How to optimize a `query` that leads to severe performance problems?

a_w · April 9, 2025, 12:30pm

Hey I’m working with some fairly large documents (up to 1000 pages) where the headers must guide through the readers the sections, chapters and paragraphs.

(Example: Section 3 · Chap. F · Par. 25 — Section 3 · Chapter G · Par. 2)

Thanks to the support of three very helpful members here, I was able to implement a solution with query like so: How to get the number of the first and last paragraph on a page and show the result in the header?

The main part to get the paragraph numbers for the header looks like this (full code at the end):

// Helper Functions
#let get-short(label, x) = {
  let shorts = query(selector(label).before(x.location()))
  return shorts.at(-1, default: none)
}
#let shorts-and-id(x) = {
  let h1 = get-short(<h1-short>, x)
  let h2 = get-short(<h2-short>, x)
  return (h1: h1.value, h2: h2.value, id: x.value)
}

// Chunk of the query code
let pars = query(selector.or(<h4-start>, <h4-end>))
  .filter(x => x.location().page() == here().page())
  .map(shorts-and-id)
  .dedup()
if pars.len() == 0 {
  // No paragraph starting or ending on this page
  // -> check if a paragraph starts before and ends after this page
  let prevs = query(selector(<h4-start>).before(here()))
  let nexts = query(selector(<h4-end>).after(here()))
  if prevs.len() == 0 or nexts.len() == 0 {
    return
  }

The problem with the solution is, that compilation times grow so extensively (cubic or even higher), that the documents quickly become uncompileable.

I didn’t notice that at first, because I worked only with draft parts. When I tried to compile one of the actual documents, it didn’t finish in +5 hours and I had to cancel the compilation process.

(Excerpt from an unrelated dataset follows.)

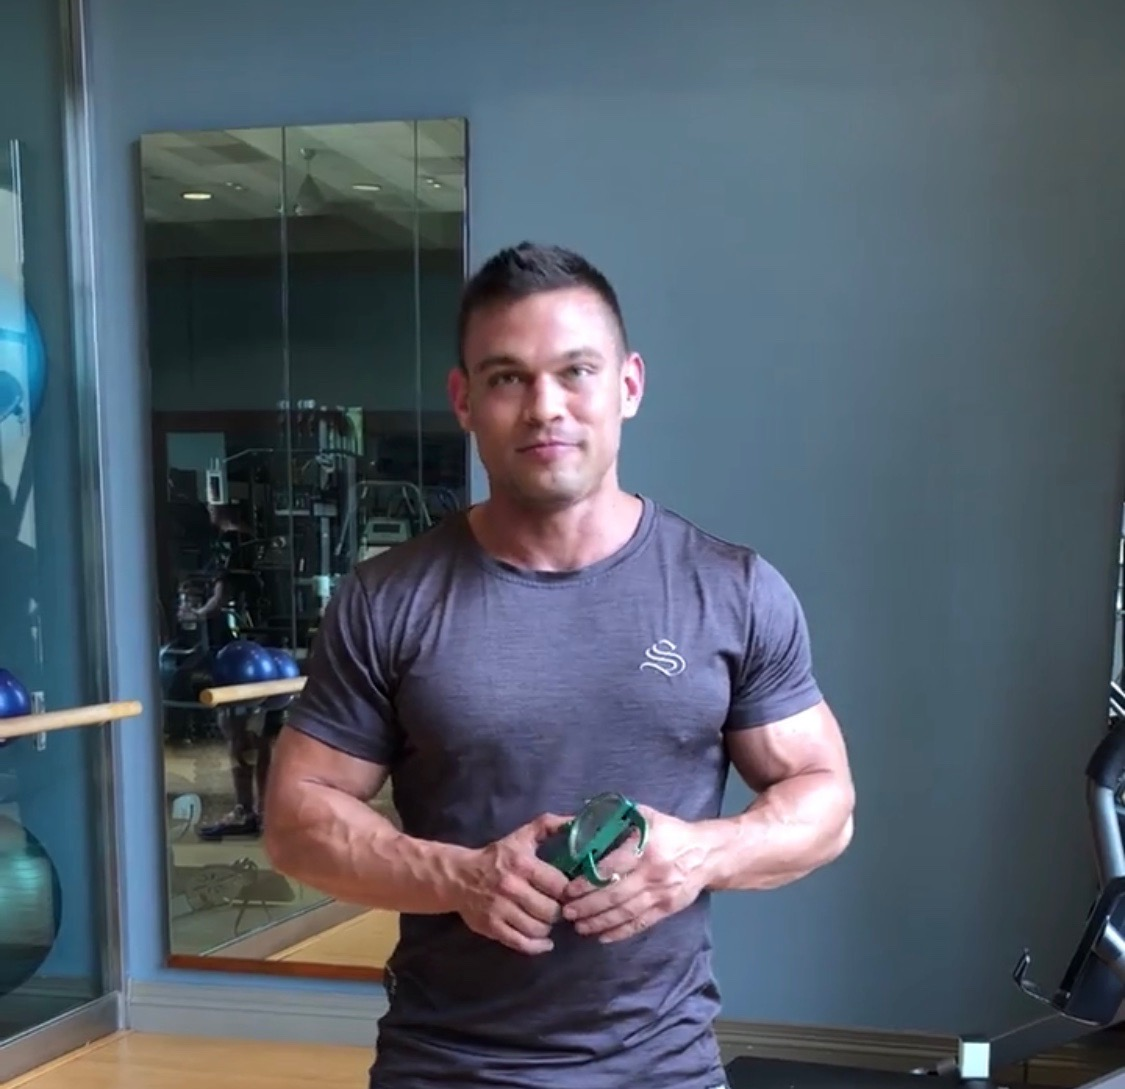 JONATHAN WARREN - Bodybuilder. Trainer. Neuromuscular Therapist.

The minimal example code (you’ll find a copy at the end) generates the following results on my M1 MacBook (measured with time for typst compile in zsh):

1 Section:    0,64s user  0,07s system  95% cpu 0,743 total
2 Sections:   4,99s user  0,46s system 127% cpu 4,264 total
3 Sections:  27,57s user  3,39s system 141% cpu 21,922 total
4 Sections:  72,40s user  7,25s system 145% cpu 54,725 total
5 Sections: 151,57s user 24,86s system 135% cpu 2:09,92 total
6 Sections: 257,02s user 60,35s system 133% cpu 3:57,47 total

So while the amount of content went up 6x, the CPU user time went up 400x. Showing a bottleneck that scales cubic or even higher, quickly leading to unworkable compile times for the actual documents…

Is there maybe an error or ineffieciency in my code that leads to this (maybe parts like .before(here() are to open ended)?
How can I optimize the query code to display the Section/Chapter/Paraphs with compile times that don’t feel like I’m mining Bitcoin on my poor laptop?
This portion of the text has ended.